Mexico has obtained commitments for $4.3 billion of the $5 billion its private bankers are supposed to lend under terms of an agreement the country signed with the International Monetary Fund.

Officials of Citibank and Bank of America, which are coordinating bank lenders to Mexico, said replies are continuing to come in from the more than 1,000 banks around the world that are Mexican lenders. Mexico, which owes more than $80 billion to foreign governments and Mexican bankers, has asked its banks for easier terms on much of the debt that is outstanding, as well as $5 billion in new loans in 1983.

Meanwhile, the International Monetary Fund yesterday approved a $546 million loan to Brazil to help cover a shortfall in its export earnings during the past year.

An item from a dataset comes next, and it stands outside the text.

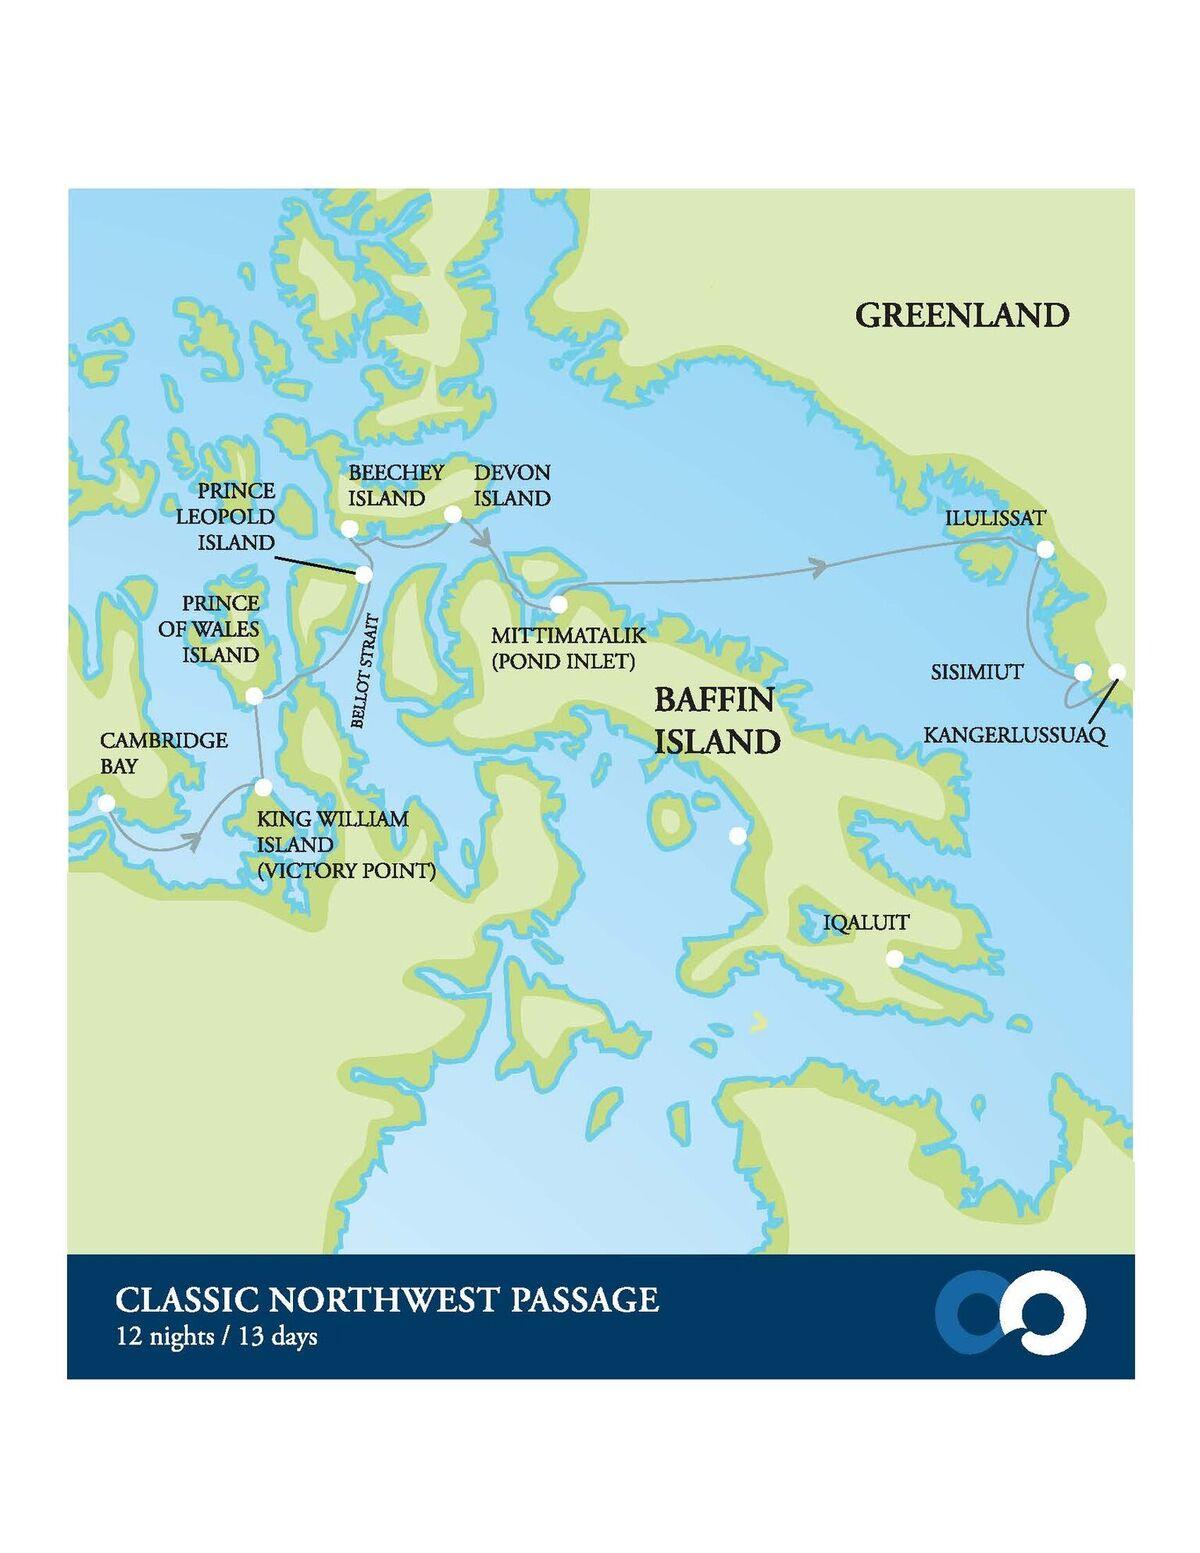 Map for Northwest Passage & Greenland Adventure

The loan is separate from a $4.9 billion loan package the IMF earlier had tentatively approved for Brazil to help it meet its international debts over the next three years. That larger loan still awaits formal approval of the IMF's board of executive directors.

The loan approved by the board yesterday will be made under the IMF's compensatory financing facility, set up to deal with export shortfalls of developing countries.

On Monday, Brazil, which also owes about $80 billion, asked its banks for easier terms on $4 billion in loans that come due in 1983, as well as for an additional $4.4 billion in new loans next year.